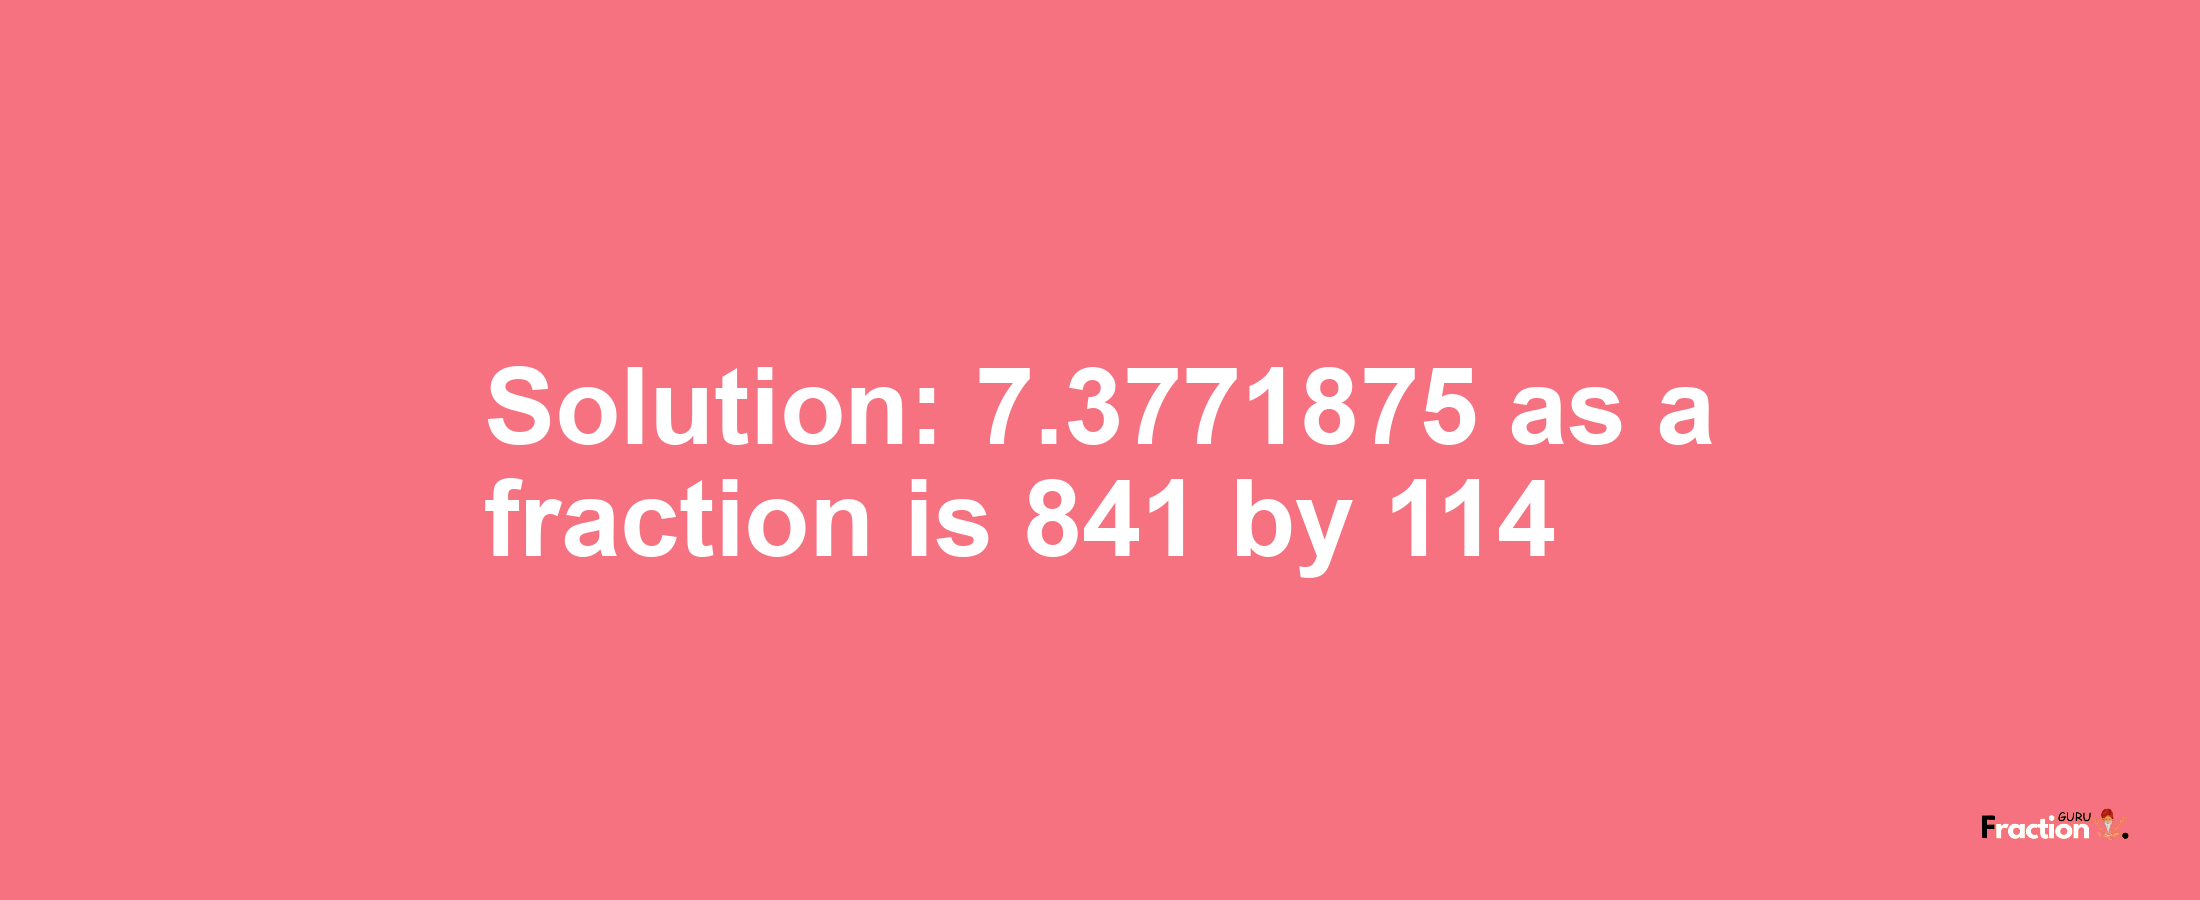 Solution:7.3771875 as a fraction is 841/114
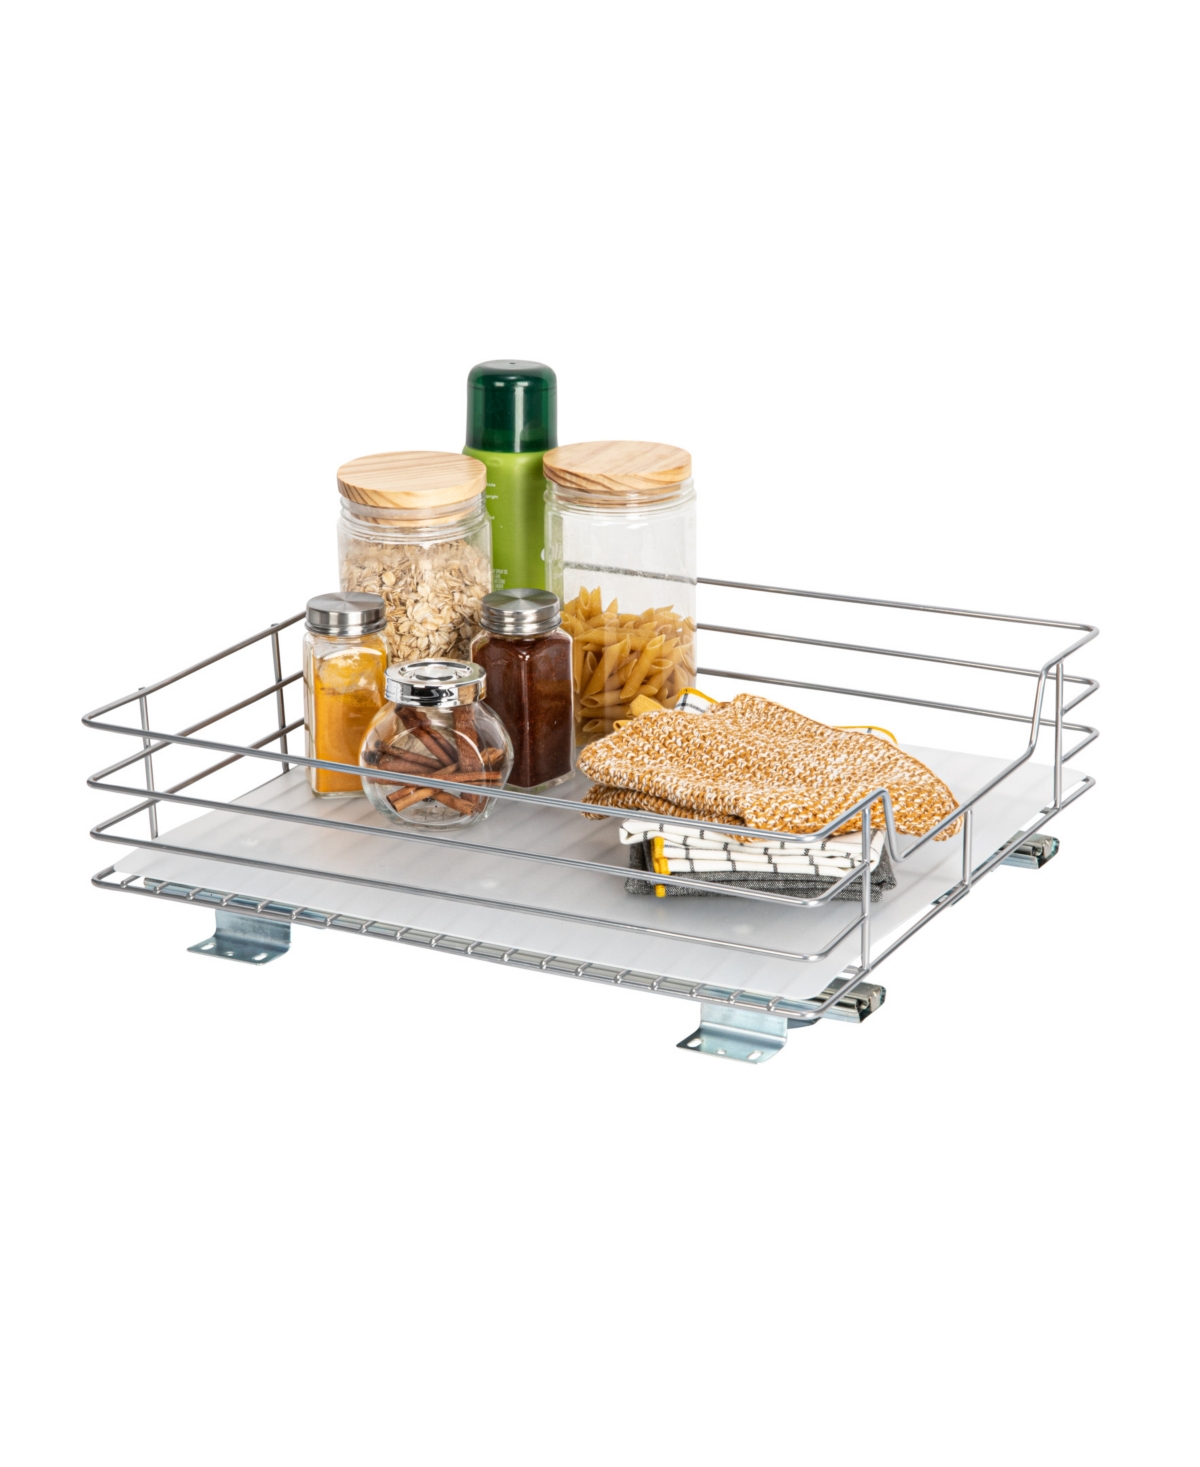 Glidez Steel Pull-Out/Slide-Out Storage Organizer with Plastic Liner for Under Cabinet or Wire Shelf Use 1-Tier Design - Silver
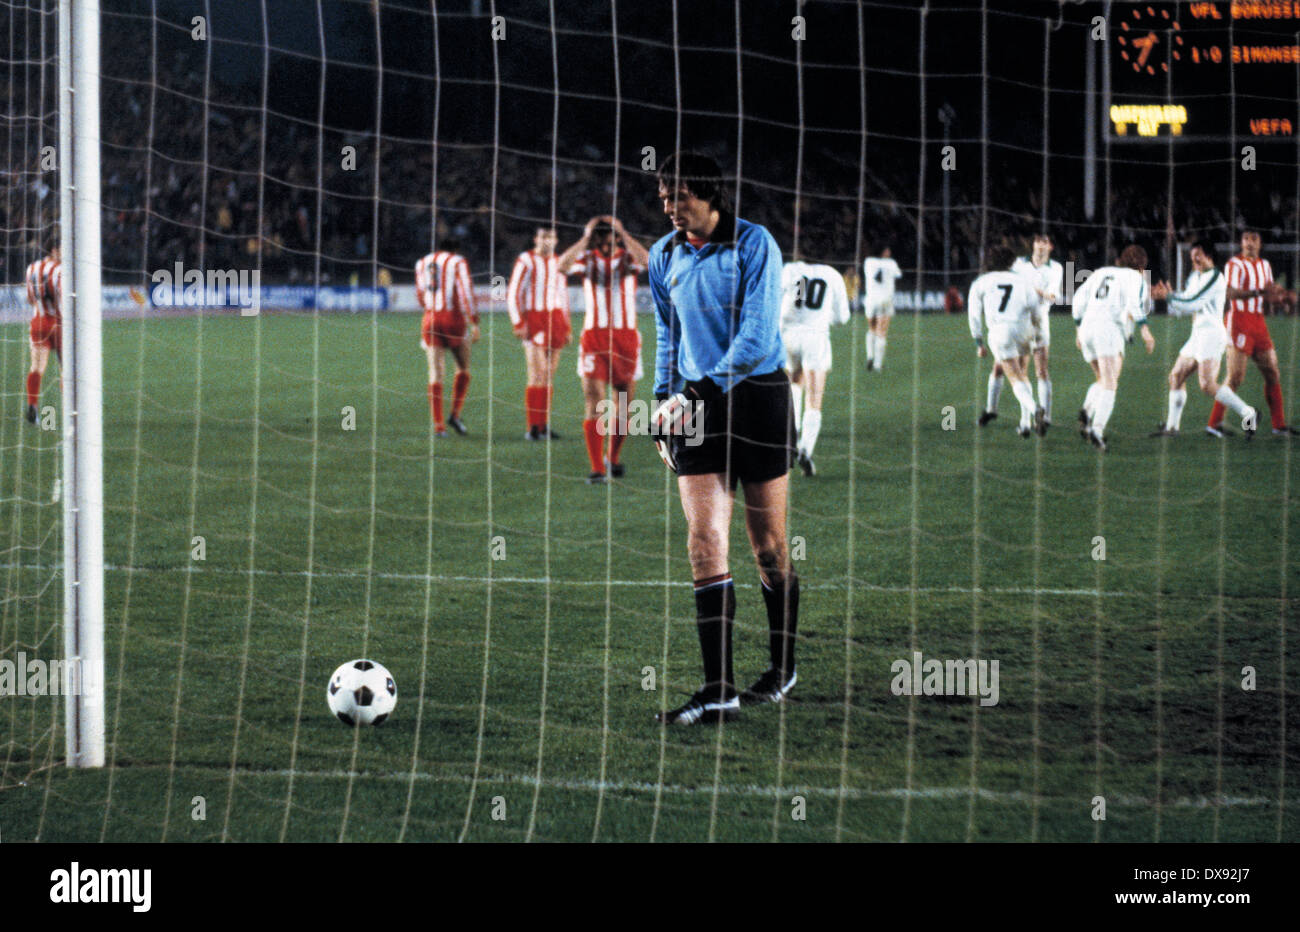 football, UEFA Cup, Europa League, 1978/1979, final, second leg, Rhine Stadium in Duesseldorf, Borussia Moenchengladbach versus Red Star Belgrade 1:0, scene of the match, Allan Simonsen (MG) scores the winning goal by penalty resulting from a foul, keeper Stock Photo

....

• Work instruction:
Write the data above out exactly. Leave out any pictures.

• Result of the task:
 Solution:7.3771875 as a fraction is 841/114
 Glidez Steel Pull-Out/Slide-Out Storage Organizer with Plastic Liner for Under Cabinet or Wire Shelf Use 1-Tier Design - Silver
 football, UEFA Cup, Europa League, 1978/1979, final, second leg, Rhine Stadium in Duesseldorf, Borussia Moenchengladbach versus Red Star Belgrade 1:0, scene of the match, Allan Simonsen (MG) scores the winning goal by penalty resulting from a foul, keeper Stock Photo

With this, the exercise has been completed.